Ils soutiennent que :
— ils ont intérêt à agir ;
— l’arrêté est entaché d’un vice de procédure faute pour le maire d’avoir attendu l’avis implicite ou explicite de la commission départementale de la préservation des espaces naturels agricoles et forestiers saisie en application de l’article L. 111-5 du code de l’urbanisme ;
— le projet était soumis à la délivrance d’un permis de construire et non à déclaration préalable en ce que, d’une part, il est évident que la surface de plancher et l’emprise au sol du pylône et des installations techniques sont supérieures à 0 m² et d’autre part, la prescription imposée par le maire impose l’édification d’un poste de livraison électrique de plus de 25 m² ;
— l’arrêté est entaché d’une erreur manifeste d’appréciation au regard des dispositions de l’article R. 111-27 du code de l’urbanisme.

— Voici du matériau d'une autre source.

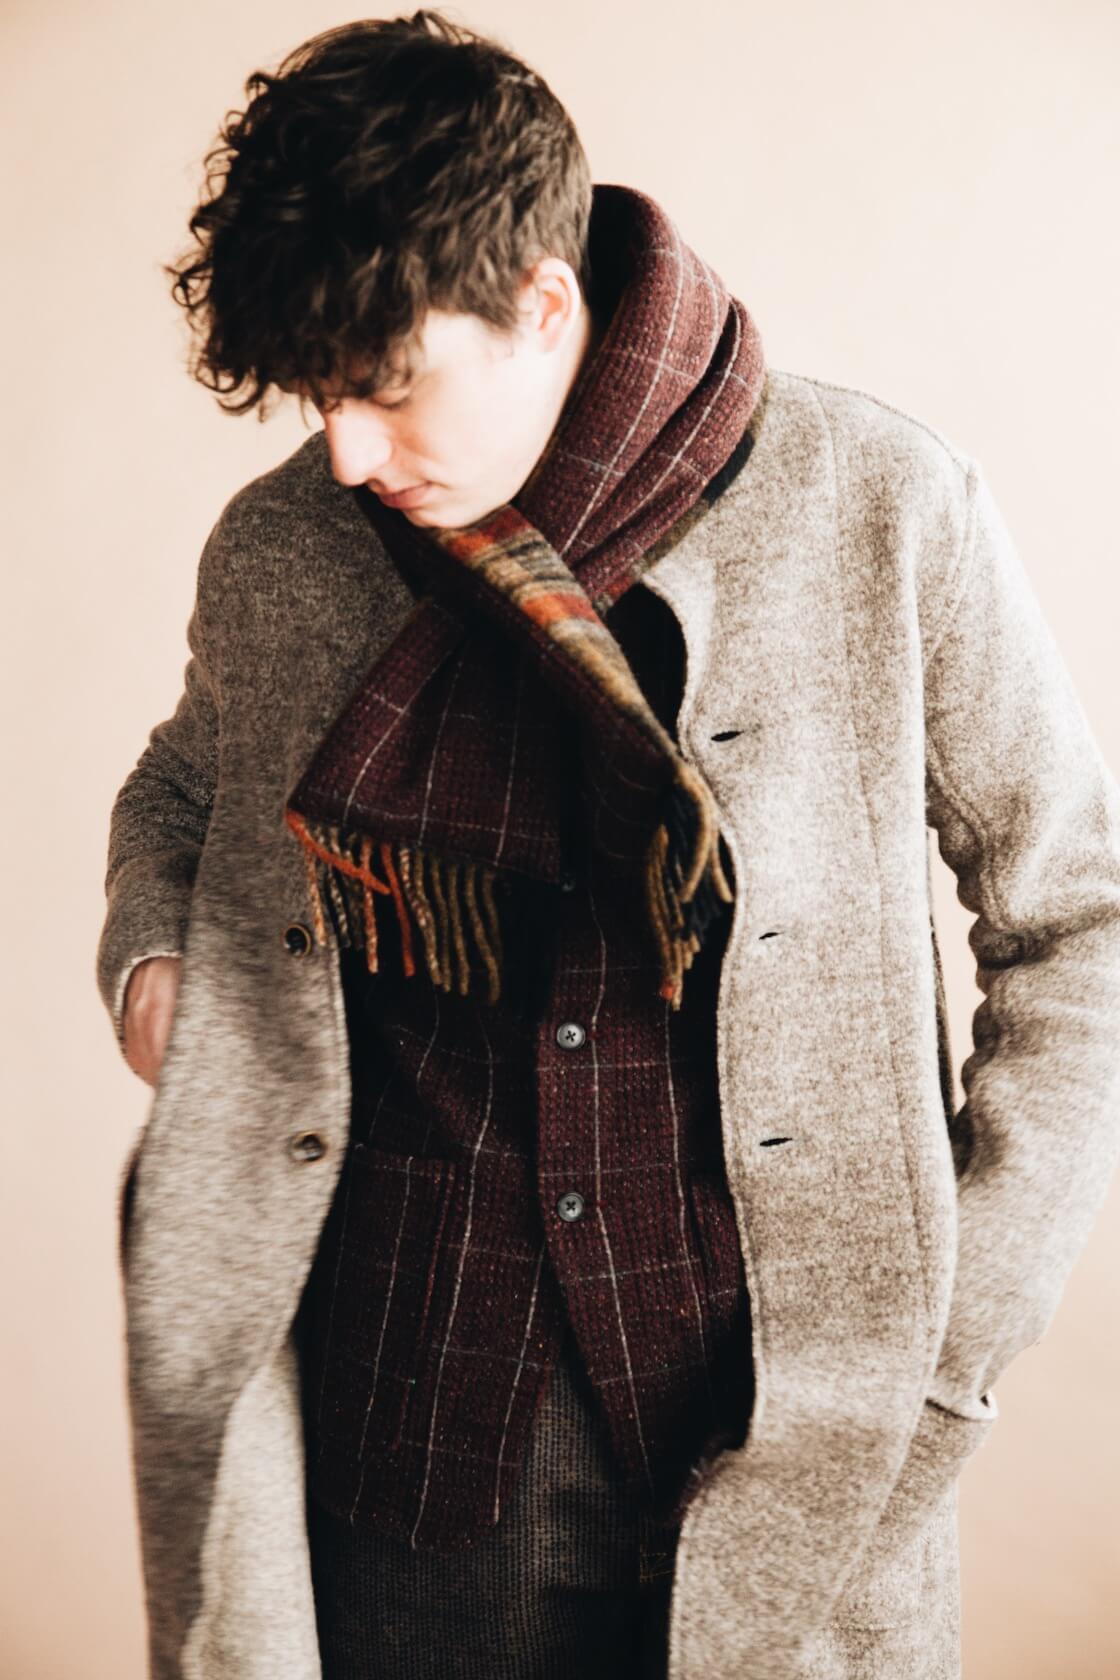 kapital tyrol wool nomad jacket, tweed fleecy knit kobe jacket, century denim pants, and country wool scarf on body

Par un mémoire en défense enregistré le 15 septembre 2022, la commune de Saintigny, représentée par Me Forcinal, conclut au rejet de la requête et à ce qu’il soit mis à la charge de chacun des requérants la somme de 500 euros en application de l’article L. 761-1 du code de justice administrative.
Elle soutient que :
— les requérants n’ont pas intérêt à agir ;
— les moyens ne sont pas fondés.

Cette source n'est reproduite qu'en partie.